Дистен по кличке Должник ответил:
– Я был гончаром. Я занял денег и не смог вовремя расплатиться. Я отдал дом и имущество, потом продал в рабство себя самого, чтобы моя семья не пошла по миру. А спустя год оказалось, что человек, которому я был должен, обманом помешал мне выплатить долг. Я не смог заставить его отвечать перед законом: у нас в Саккареме раб не имеет права пойти к судье и пожаловаться на свободного. Но есть законы превыше тех, что установлены шадом… Я пошёл и убил этого человека. Когда стали разбираться с наследством, обман вскрылся, и моя жена с дочерьми получила наш дом обратно…

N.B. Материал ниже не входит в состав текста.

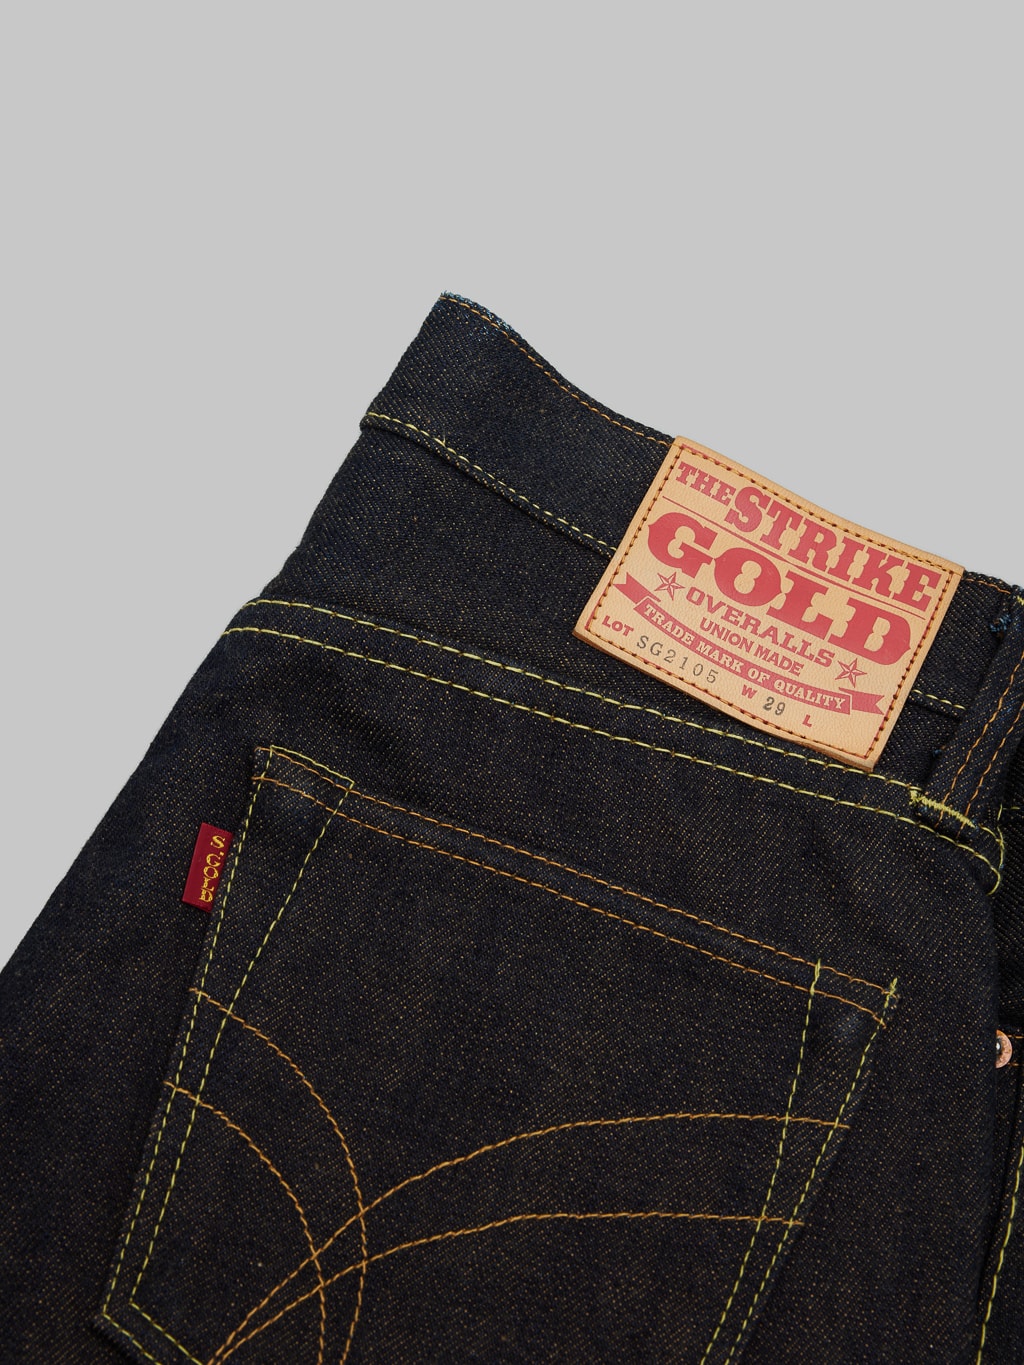 The Strike Gold Brown Weft Slim Jeans brand leather patch

– Почему же они не выкупили тебя? – спросил Щенок.
Дистен внезапно озлился:
– А твоя семья почему тебя не выкупила? Ты был непочтительным сыном? И с чего это я должен держать ответ перед тобой, мальчишка?
У Щенка стало такое лицо, с каким наступают на недавно перебитую и неизвестно, надёжно ли зажившую ногу. Он сказал:
– Хорошим или плохим я был сыном, это я узнаю, когда умру и предстану перед Прародителем Псом. А выкупить меня некому, моей семьи больше нет. И не разговаривай со мной, если не хочешь, не очень-то велика была радость беседовать с тобой по-сегвански!
Дистен вздохнул и некоторое время молчал.
– Сегодня мы все разойдёмся в разные стороны, – проговорил он затем. – И мало верится мне, чтобы судьба опять нас свела. Вы мне, ребятишки, во внуки годитесь, но не хочется мне, чтобы на меня хоть кто-то сердце держал… Простите меня.
Щенок отозвался за обоих:
– И ты прости нас, почтенный гончар.
У рудничных стражников, встретивших караван, кони оказались ничем не похожи на пегую красавицу под седлом Ксоо Таркима. Низкорослые, мохнатые, очень крепкие и коротконогие, они легко несли всадников и рысили по ухабистой дороге с уверенностью, выдававшей настоящую горную породу. Такие не ошибутся на тропе, повисшей над пропастью, не испугаются близкого камнепада и взберутся на любую крутизну, точно снежные козы. И масть у всех трёх была одинаковая – буланая.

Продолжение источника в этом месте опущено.